As you remember, we still haven't fixed our refrigeration. Because we
were using ice, when we wanted to stay ashore (like at our daughter's
house) we just packed up the stuff in the refrigerator in a cooler and
left the boat on the dock or at the mooring. We didn't have to come
back and run the refrigeration.

We spent Xmas 2000 with our daughter in Miami. On New Years Eve, I
sat out on the deck (Bob had gone to bed) and saw 4 different
fireworks displays. Miami, Miami Beach, Key Biscayne and Coconut
Grove.

Then we sailed down and spent some time north of Marathon in Coco Plum
rafted on a friend's dock. We were isolated there and couldn't get
ice, so Bob broke down and fixed the refrigeration.

From there we went to a marina right outside Boot Key Harbor. We went
to get fuel at their fuel dock first and there was not only no one
there to take our lines, but no one to give us the fuel either. I had
to go into the office to get them to turn on the pump - pumped our own
fuel and found and got into the slip they'd assigned us by ourselves
with the help of other boaters

Jan 6 - We knew a friend's boat was anchored in Boot Key Harbor and
we took the dinghy and motored in to see if they were there, but they
weren't on their boat. Unfortunately the filter to our little 3.5 hp
Evenrude got clogged and the motor kept cutting out. Bob had to row
the inflatable back. He was not pleased. The inflatable is much less
easy to row than the portabote

Jan 7, 2001 : We didn't get far enough to get around the tip of Key
West, so anchored off the airport by Martello Tower West.
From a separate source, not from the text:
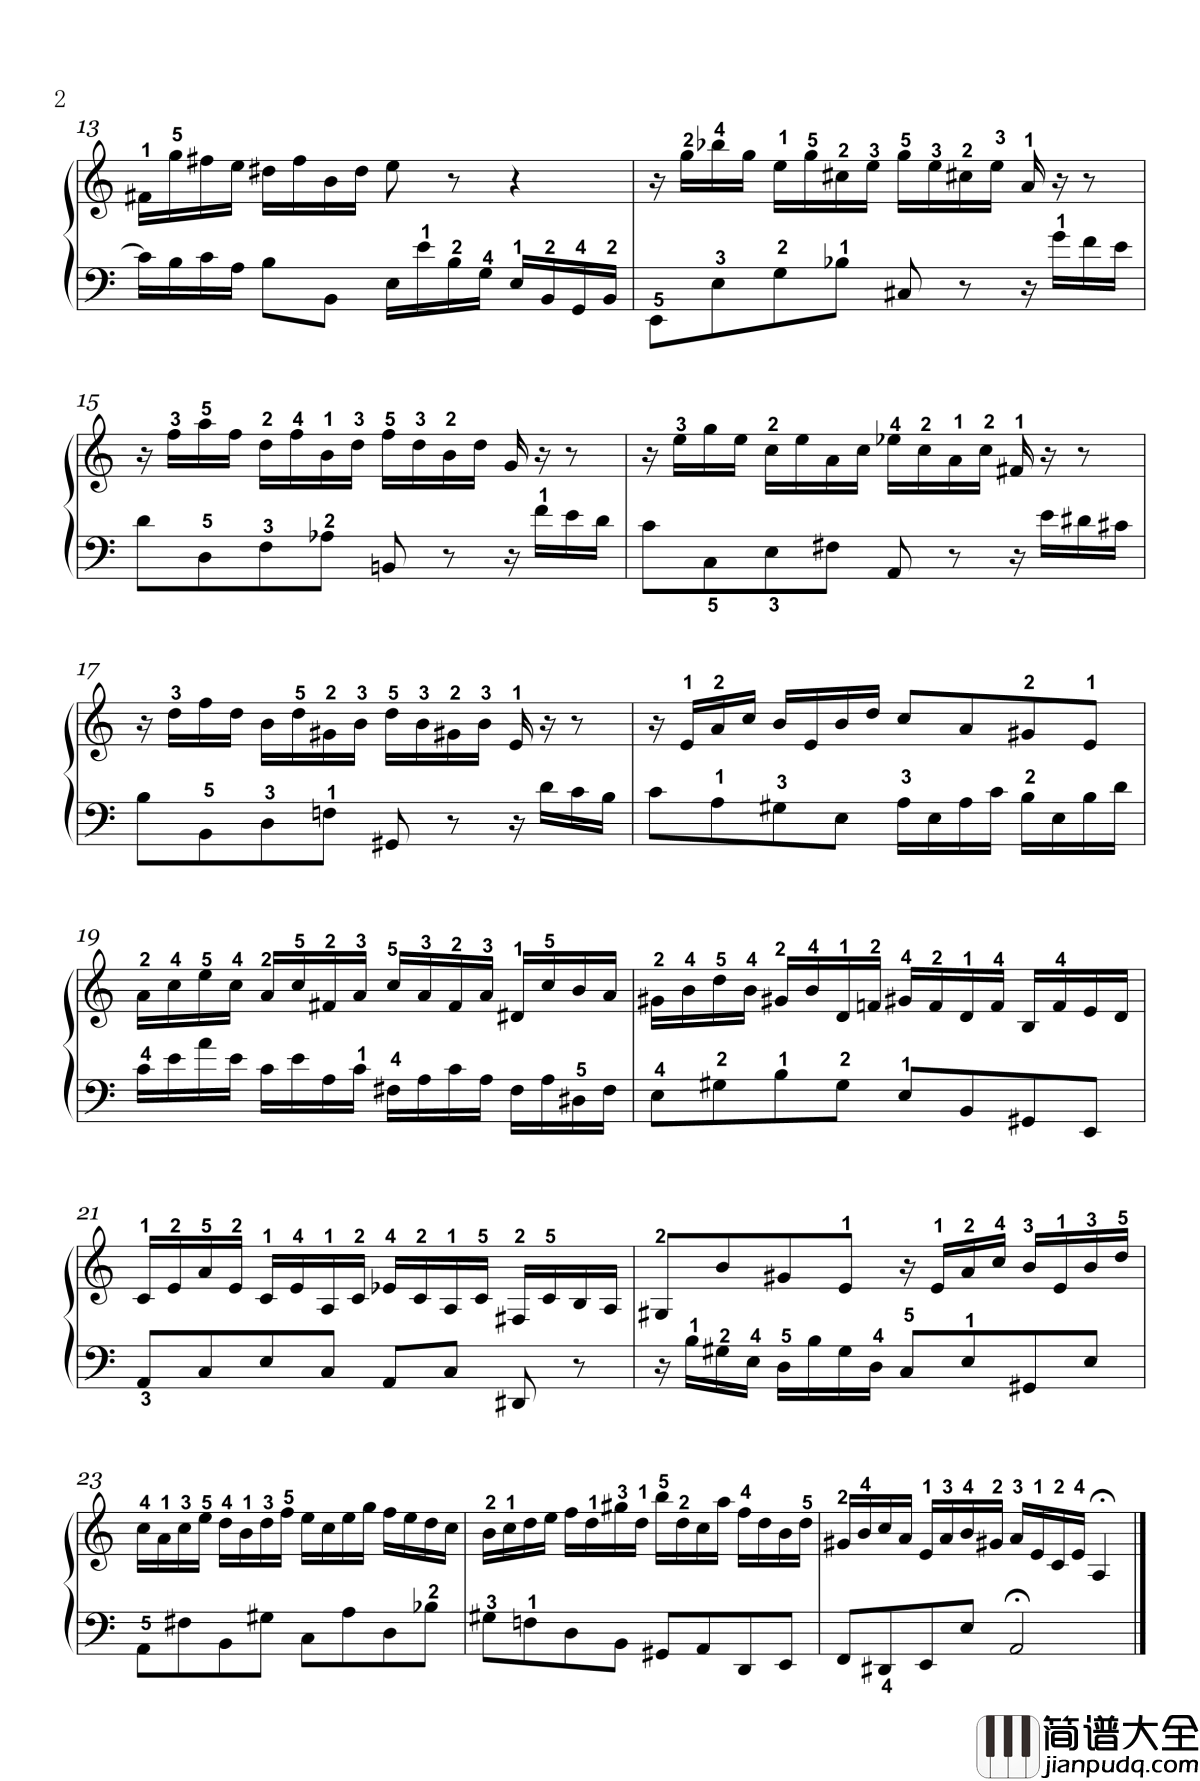 二部创意曲钢琴谱_13_bwv784_详细指法_巴赫_P.E.Bach

It was the
most rolley anchorage so far. Bob said any time Castro tinkled in the
harbor in Cuba, it rocked our boat.

We went around the south end of the island and around Fleming Key. We
took a (free) mooring west of Fleming Key. Free because they didn't
have any services such as pump out, dinghy dock, showers, and parking.
Now they charge for the moorings. We can't get into Garrison Bight in
the big boat because there is an overhead power line that won't clear
our mast. We stayed here until Jan 24, 2001.

We did most of our shopping at the Sigsbee Navy Base. They had a
commissary, exchange, laundry, and email - it is primarily a big RV
camping area. We come to their marina in the dinghy but we can't get
the big boat in there because it is too shallow and there is a low
power line across the entrance. The first time we did it, pelicans
sat on the side of the inflatable and pooped in it. The trip in or
the trip back takes about 1/2 hour, and if there are any waves or
wakes, we get a little wet.

Mon Jan 8 - I tried snorkeling around the boat but it was COLD even
for me. I could see that I need to go down and scrape the prop again.
I scrubbed the rudder, but couldn't stay in long enough to do the rest
of the boat. The front has been kept pretty clean by bashing into
waves.

Jan 9 - Pretty brisk winds (saw 31 knots) and some waves

Jan 10 - While we are eating breakfast, we hear someone call the Coast
Guard on the VHF and tell them that there is a boat sinking in the
mooring field. We look at it with binoculars (it is about 1/2 mile
away), and see that the bow is down with the deck even with the water.
Appears abandoned. About a hour later it has sunk. No one seems
concerned.

Jan 11- We put together the portabote. I did not do the dinghy entry
well and ended up with my hands on the ladder, and my feet in the boat
and my behind in the water. That didn't happen again - I learned how
to do it.

Jan 12 We went in to Sigsbee for me to do e-mail and get a shower and
Bob to get the rest of the things from the commissary, and get
drinking water in bottles which we didn't do before, and also fill up
the big gas can. It takes me longer to do the e-mail than Bob wants to
wait, as he has not brought in the cooler or the cart, and is very
impatient. So I leave and shower on the boat. There are over 600
campers here.

Jan 13 - We went in to Key West Bight to the dinghy dock.
It is about 1/2 hr. ride through the cut between Fleming Key and Key
West. We can't use this cut with the big boat because there is a low
fixed bridge. There are lots of little speed boats making wakes, and
the current rushes through at a great rate.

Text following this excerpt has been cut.